I'm sure you have heard the expression that you "reap what you sow." Well this has become even more evident to me in the last couple of weeks. Now that I am unofficially "single" if you will, things have been pretty calm. Like I said before, I spend most of my time with my ever-growing extended "tamly" (Phillip's word for Family...too cute right?) I have been pretty focused on work, since I will be leaving again this summer, headed back to Ft. Knox. And, at home, when I am there for more than ten minutes, I am cleaning or loving on my Dini-dog!
I was just talking to Jen last night about how since March I have been going like a crazy super-woman, and pretty much have some event every weekend from now until I leave. And, I am really feeling blessed, although most times rushed, by my new busy life.
But, last weekend I had a melt-down. I knew it was coming, I had felt it for weeks. Not sure if it was because I was tired from all the running around, or just emotions that I thought I had overcome, but I couldn't hold back anymore. I cried like a baby. Total, sniffling, snotting, all the weight of the world on my shoulders tears. Luckily, my buddy Sylvia called and talked it out with me for almost an hour.
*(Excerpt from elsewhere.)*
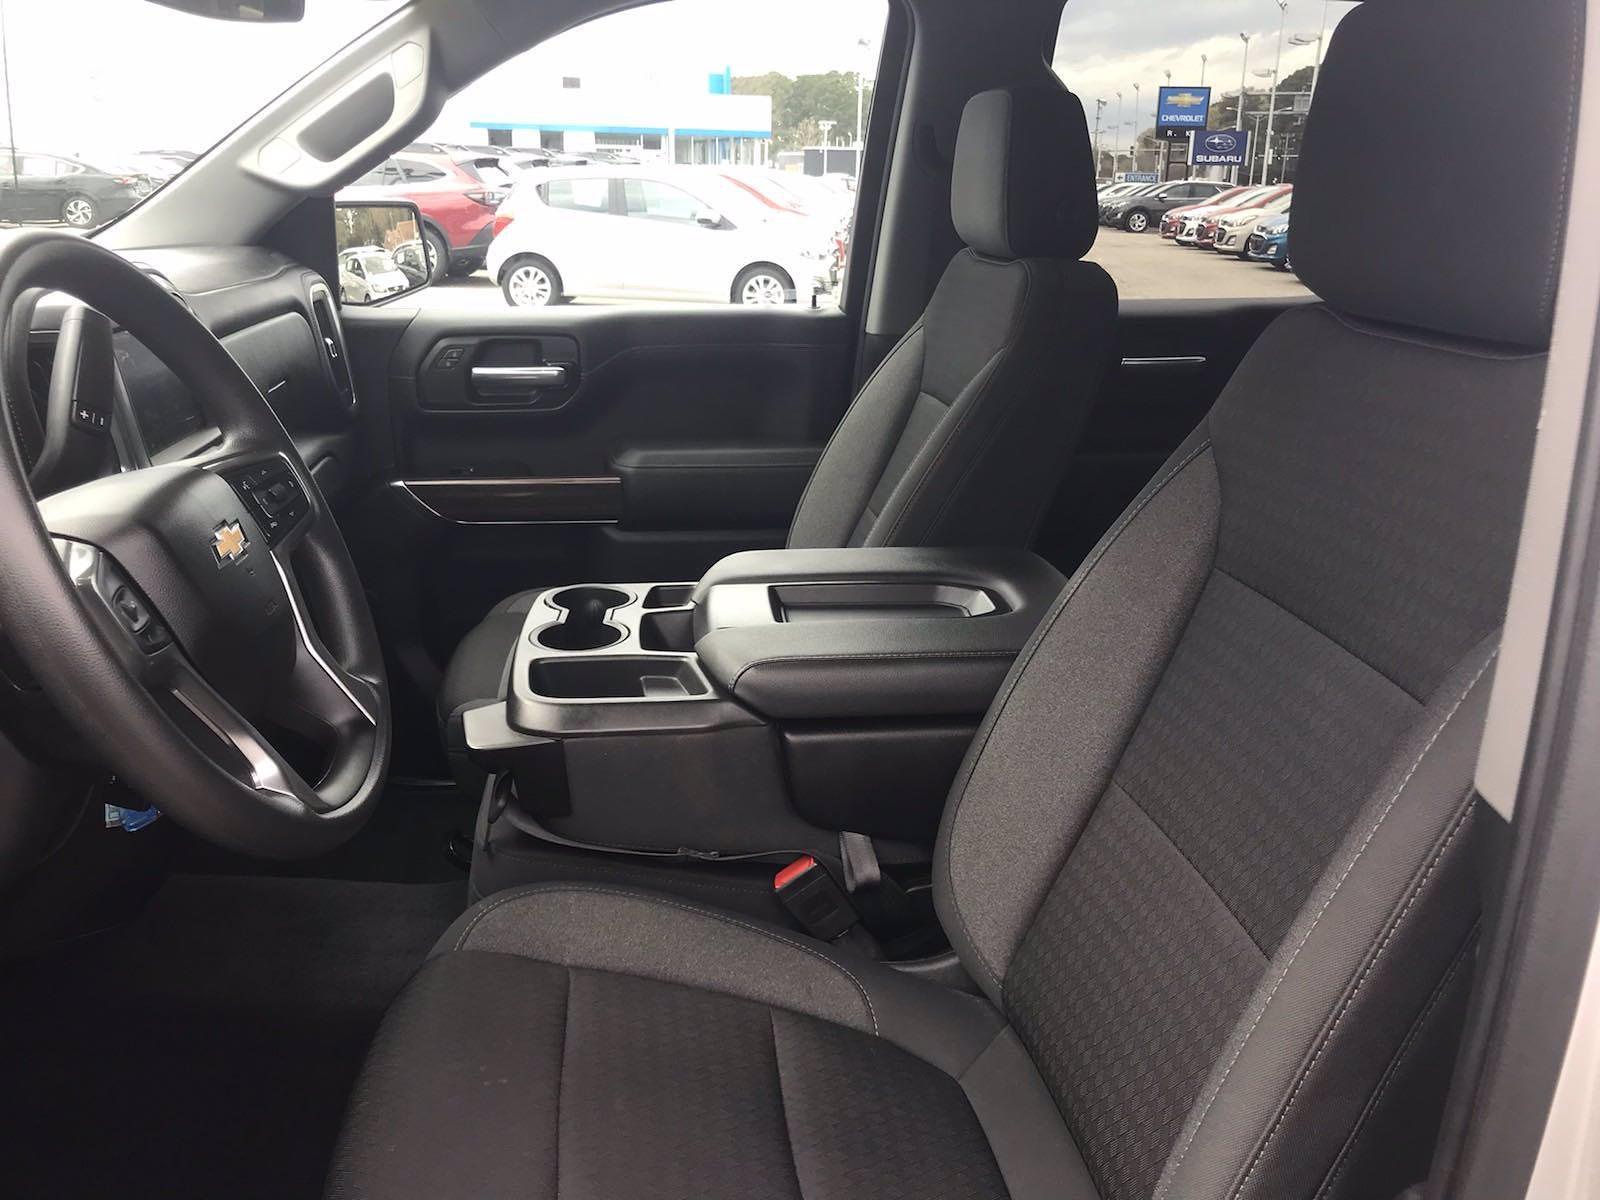 2020 Chevrolet Silverado 1500 Crew Cab 4x4, Pickup #16449PN - photo 24

I have always been able to count on people to listen when I need it.
And, then it occurred to me that I didn't have to feel responsible for anything or anyone but myself. And, if you know me, that is so not how I roll. I'm usually just piled up by doing and giving and loving until I am out of breath. But, I remembered that all God wants me to do is sow the seed of love, and set back and watch it grow.
Danny has been going through some rough times this last month, and my first reaction was to jump up and fix it all. I know it's not my place anymore, so all I can do is just pray, ask others to pray, and let God work. I have given him a lot of seeds, and even if he doesn't know it, all he needs is God's help to water them and watch his life blossom as mine has.
Love is such a tricky game sometimes, and I am just so thankful that God's love is unconditional and always forgiving. Last Sunday in church in Knoxville, TN the lesson was that we should look with our hearts and not our eyes in order to be more like God. My heart has been heavy for quite a while, and I am ready to let go of it all.